Yep- they're surprisingly very fair with each other. Though, yesterday, Dinghy was growing a bit tired of playing, and Stuart more boisterous, so Dinghy finally just sat on her. When Stuart managed to get out of that, she gave her a good wing slap to the face and marched off indignantly. And then they started playing again a few minutes later, so I guess there were no hard feelings, ha. But they are a never-ending source of amusement


----------



## Garye (Feb 20, 2005)

That pigeon can hold its own! Did you see how it chased that cat away! Woooo... now who's the fraidy cat?!


----------



## Cyreen (Jun 6, 2010)

Very cute! I have a similar pair in my house, Ollie and Darby, who play tail tag on the couch; bird stalking cat. Oddly, my kitty's a calico too (a 14-year-old longhair)!


----------



## yearsexperience (Nov 21, 2009)

hahahaha  very cool, Pigeon took the victory


----------



## Jivu (Feb 1, 2010)

http://www.youtube.com/watch?v=qZL1eiXh89s

Just thought I'd toss this here for the Pigeon-folk 
Got loads of shots of them playing in slow motion-- set to epic music makes it even better.
Stuart shows who really rules the roost towards the end.
ANYWAY.


----------



## Garye (Feb 20, 2005)

I always hope Stuart wins. They seem to like to play with each other. As long as it's safe.


----------



## Cyreen (Jun 6, 2010)

That's a kitty who's enjoying the chase, Dinghy is very careful with his paws.

Good kitty!


----------



## mr squeaks (Apr 14, 2005)

How neat! Loved the slow mo!! Stuart has the uppper - er - wing, as he can fly...beats Dinghy's leaps!

Does the dog ever get into the action? Looks like he's more of a spectator!

I have seen my black cat, Twiggy, deliberately provoke MR. Squeaks into chasing her into the bedroom. She will jump on the bed while he yells at her from the floor, since he can't fly due to half a wing amputation. Twiggy looks down and smirks until she decides to jump down and the chase is back on! 

Yep, few dull moments with fur 'n feathers around!!

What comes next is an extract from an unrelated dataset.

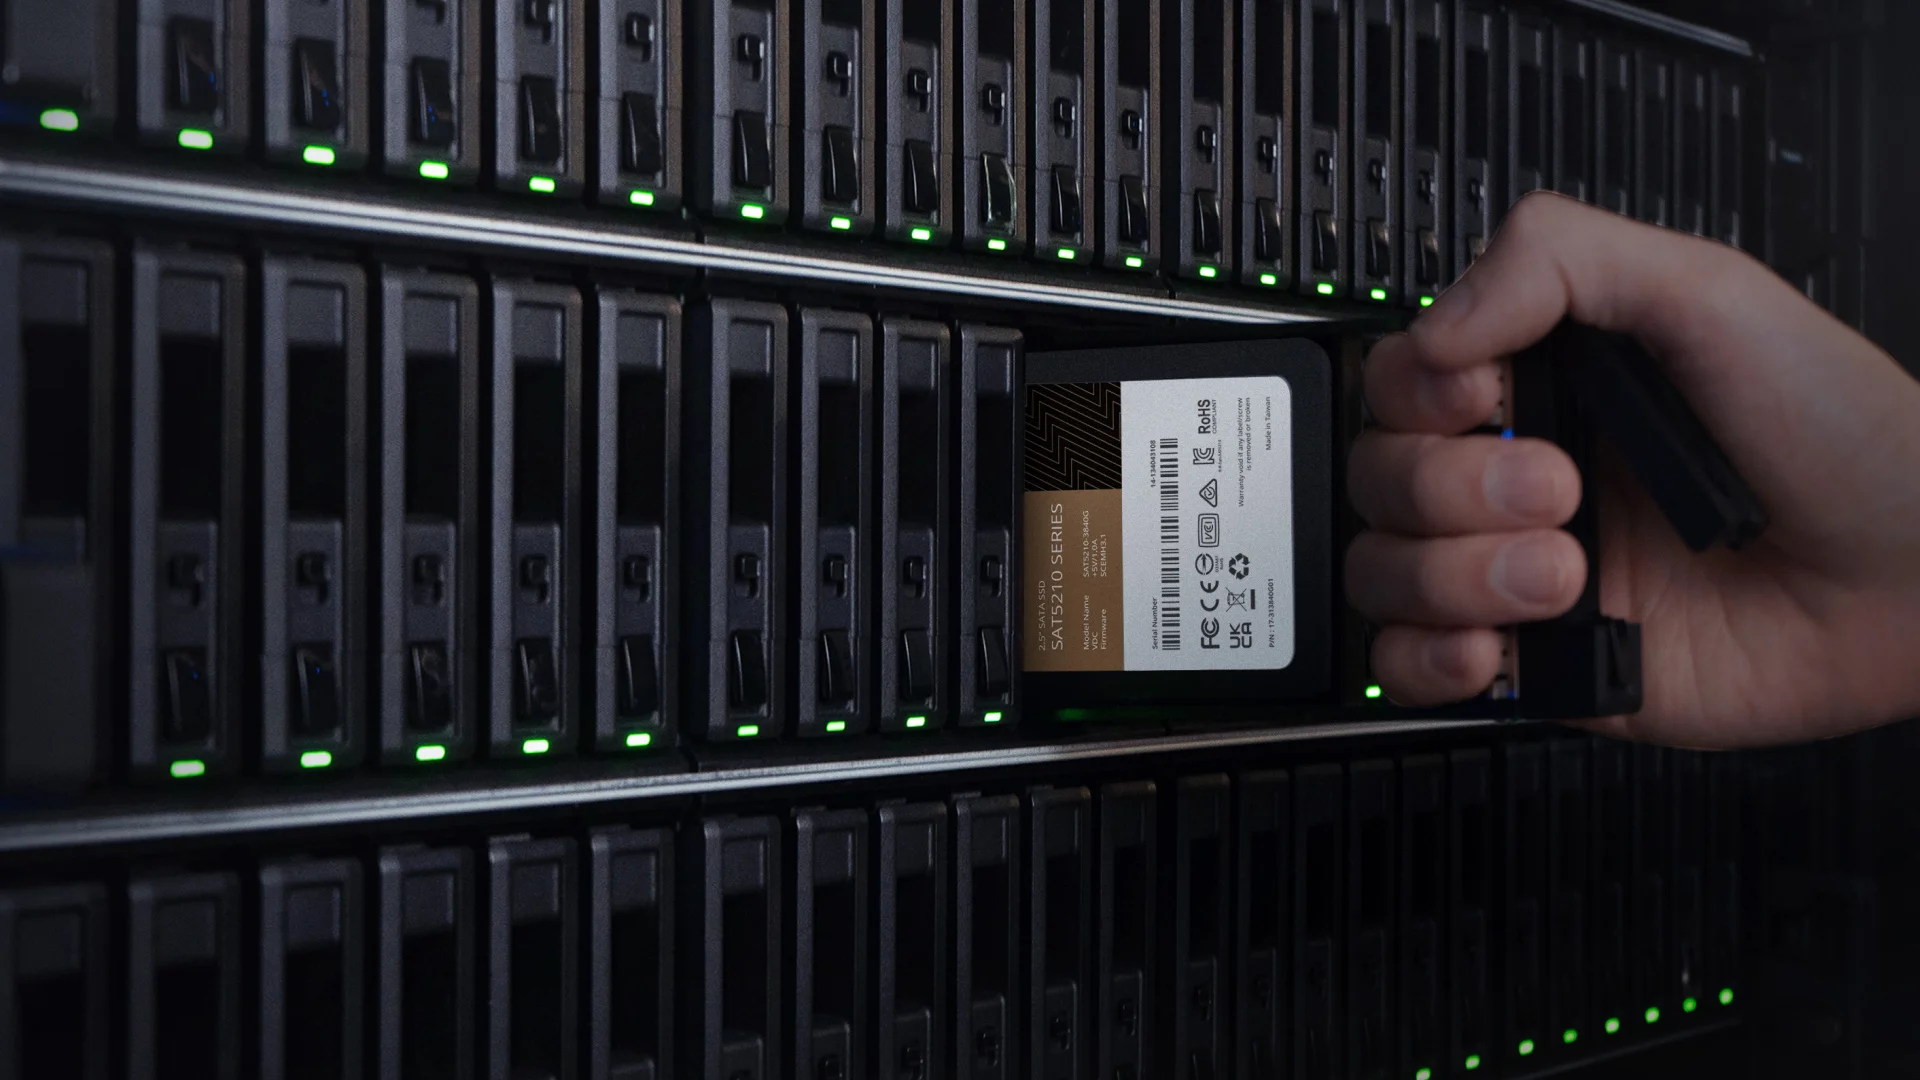 ổ cứng ssd synology sat5200 dành cho hệ thống server doanh nghiệp

Many thanks for posting, Jivu!!

Love and Hugs

Shi/MR. Squeaks/Twiggy


----------



## Jivu (Feb 1, 2010)

Stuart nearly always wins out. If Dinghy ever gets too boisterous--she treats Stuart more like a cat than a bird-- is the time that Lennie (the dog) will intervene. He's very good about making sure that everyone plays nice


----------